RoboForge: Physically Optimized Text-guided Whole-Body Locomotion for Humanoids

While generative models have become effective at producing human-like motions from text, transferring these motions to humanoid robots for physical execution remains challenging. Existing pipelines are often limited by retargeting, where kinematic quality is undermined by physical infeasibility, contact-transition errors, and the high cost of real-world dynamical data. We present a unified latent-driven framework that bridges natural language and whole-body humanoid locomotion through a retarget-free, physics-optimized pipeline. Rather than treating generation and control as separate stages, our key insight is to couple them bidirectionally under physical constraints.We introduce a Physical Plausibility Optimization (PP-Opt) module as the coupling interface. In the forward direction, PP-Opt refines a teacher-student distillation policy with a plausibility-centric reward to suppress artifacts such as floating, skating, and penetration. In the backward direction, it converts reward-optimized simulation rollouts into high-quality explicit motion data, which is used to fine-tune the motion generator toward a more physically plausible latent distribution. This bidirectional design forms a self-improving cycle: the generator learns a physically grounded latent space, while the controller learns to execute latent-conditioned behaviors with dynamical integrity.Extensive experiments on the Unitree G1 humanoid show that our bidirectional optimization improves tracking accuracy and success rates. Across IsaacLab and MuJoCo, the implicit latent-driven pipeline consistently outperforms conventional explicit retargeting baselines in both precision and stability. By coupling diffusion-based motion generation with physical plausibility optimization, our framework provides a practical path toward deployable text-guided humanoid intelligence.

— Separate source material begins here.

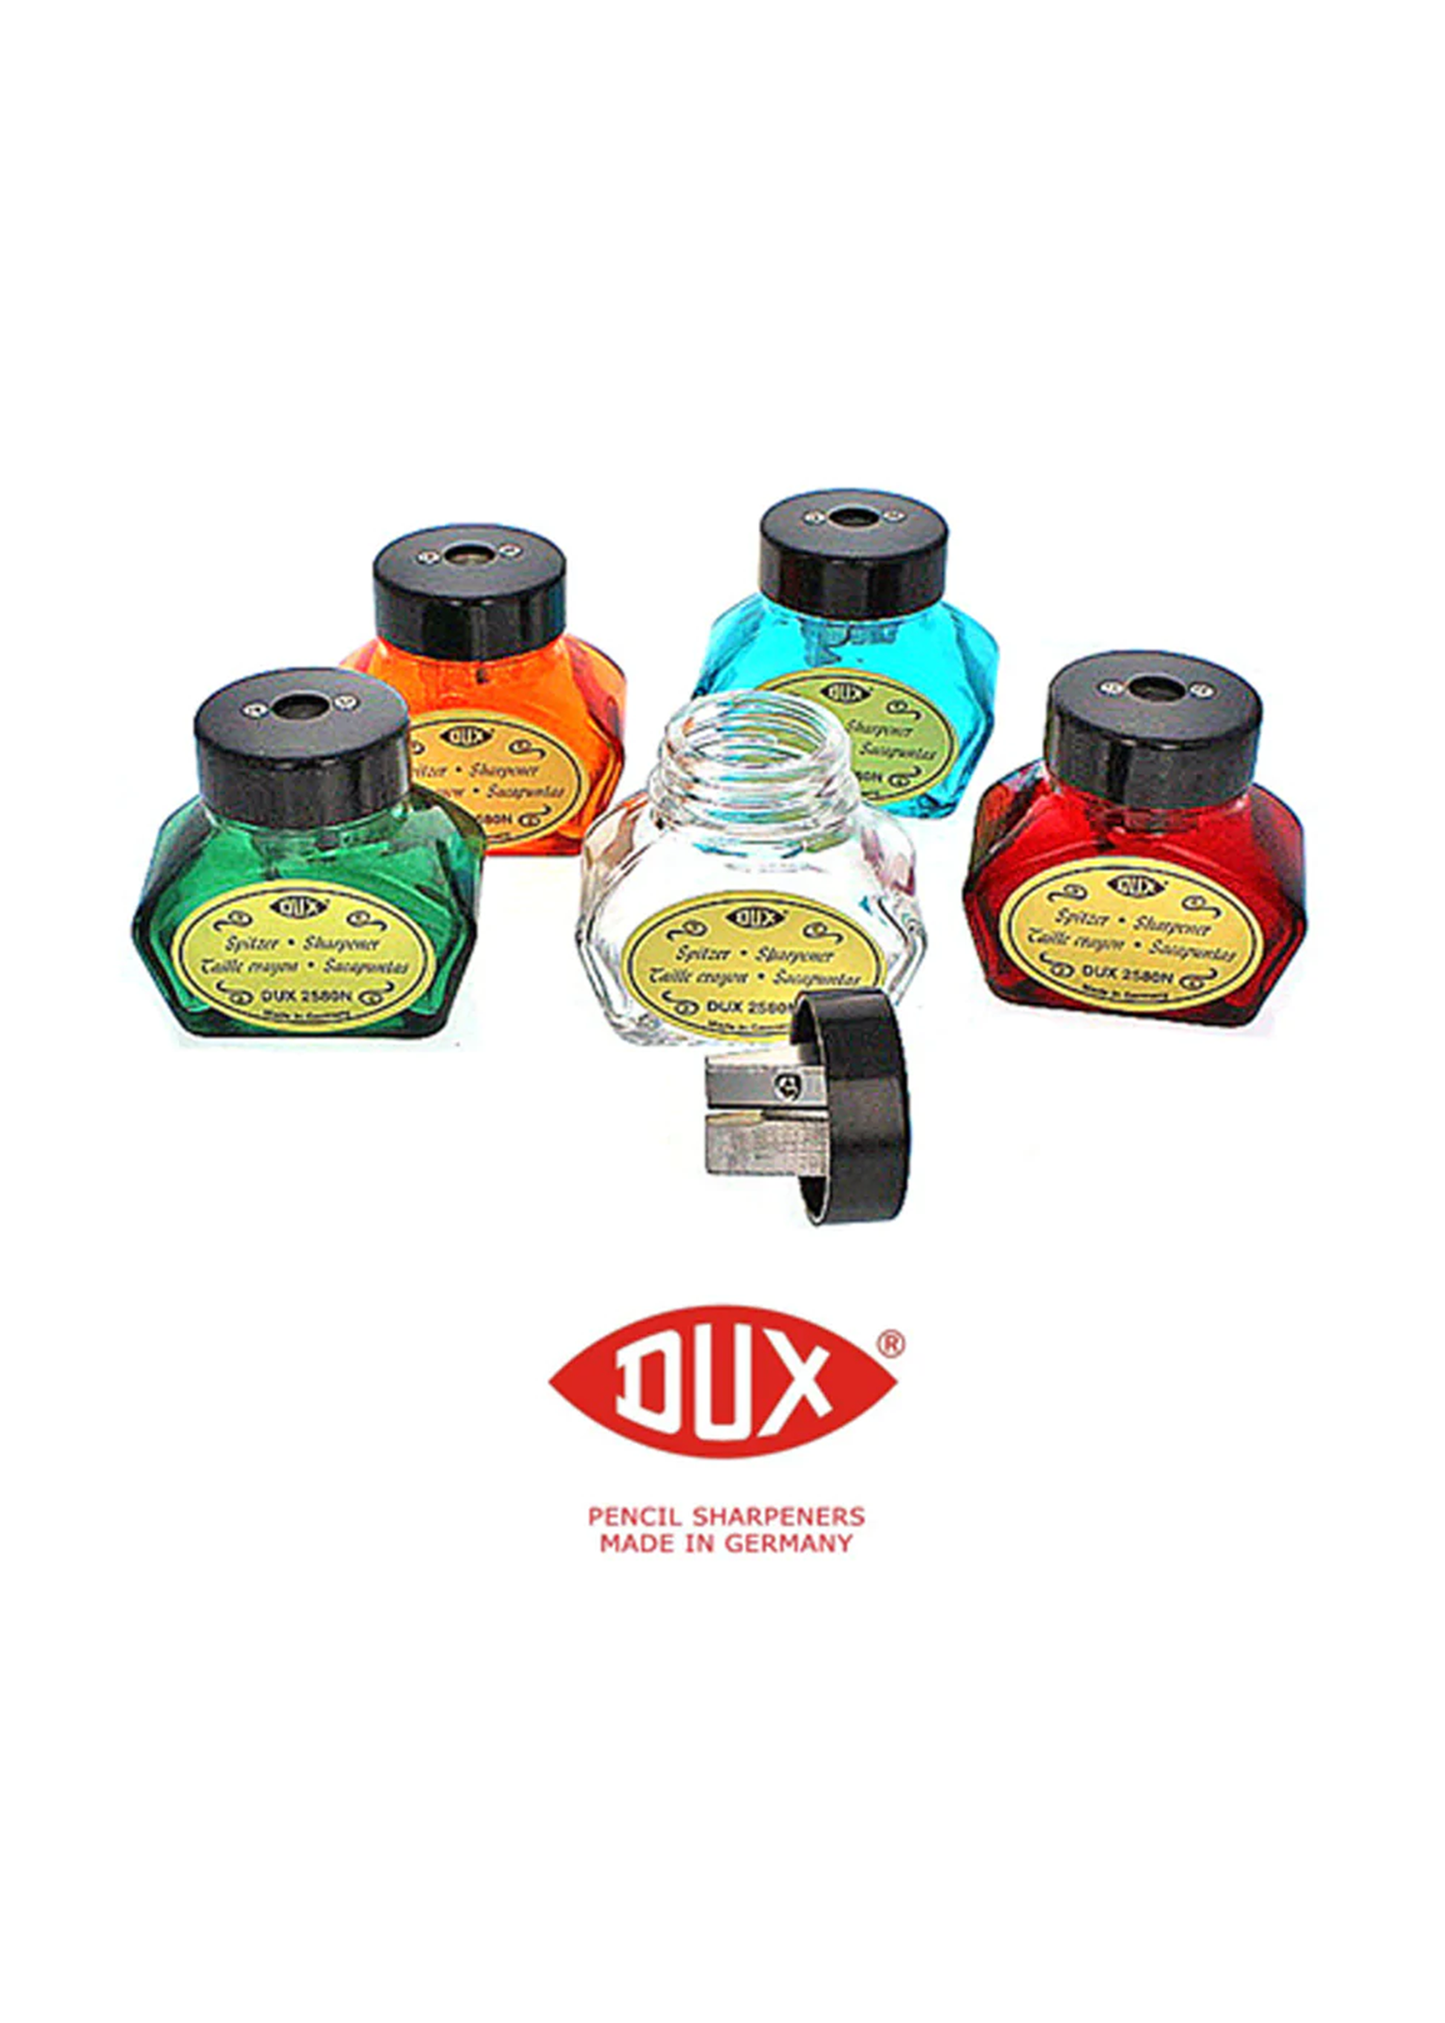 DUX Glass Inkwell Pencil Sharpener - Orange

翻译：尽管生成模型在从文本生成类人运动方面已取得显著成效，但将这些运动迁移至人形机器人以实现物理执行仍面临挑战。现有流程通常受限于重定向过程：运动学质量因物理不可行性、接触过渡错误以及真实世界动力学数据的高昂成本而受损。我们提出一种统一的隐空间驱动框架，通过免重定向、物理优化的流程，将自然语言与全身人形机器人运动相连接。我们的核心洞见在于：不是将生成与控制视为独立阶段，而是在物理约束下将二者进行双向耦合。我们引入物理可行性优化模块（PP-Opt）作为耦合接口。在前向方向上，PP-Opt通过基于可行性的奖励精炼师生蒸馏策略，抑制漂浮、滑移与穿透等伪影；在后向方向上，它将经奖励优化的仿真轨迹转化为高质量显式运动数据，用于微调运动生成器，使其隐空间分布更符合物理可行性。这种双向设计形成了一个自我改进的循环：生成器学习物理约束的隐空间，而控制器则执行具有动力学完整性的隐条件行为。在Unitree G1人形机器人上的大量实验表明，我们的双向优化提升了跟踪精度与成功率。在IsaacLab与MuJoCo平台上，隐式隐空间驱动流程在精度与稳定性上一致优于传统的显式重定向基线方法。通过将基于扩散的运动生成与物理可行性优化相结合，本框架为可部署的文本引导人形智能提供了实用路径。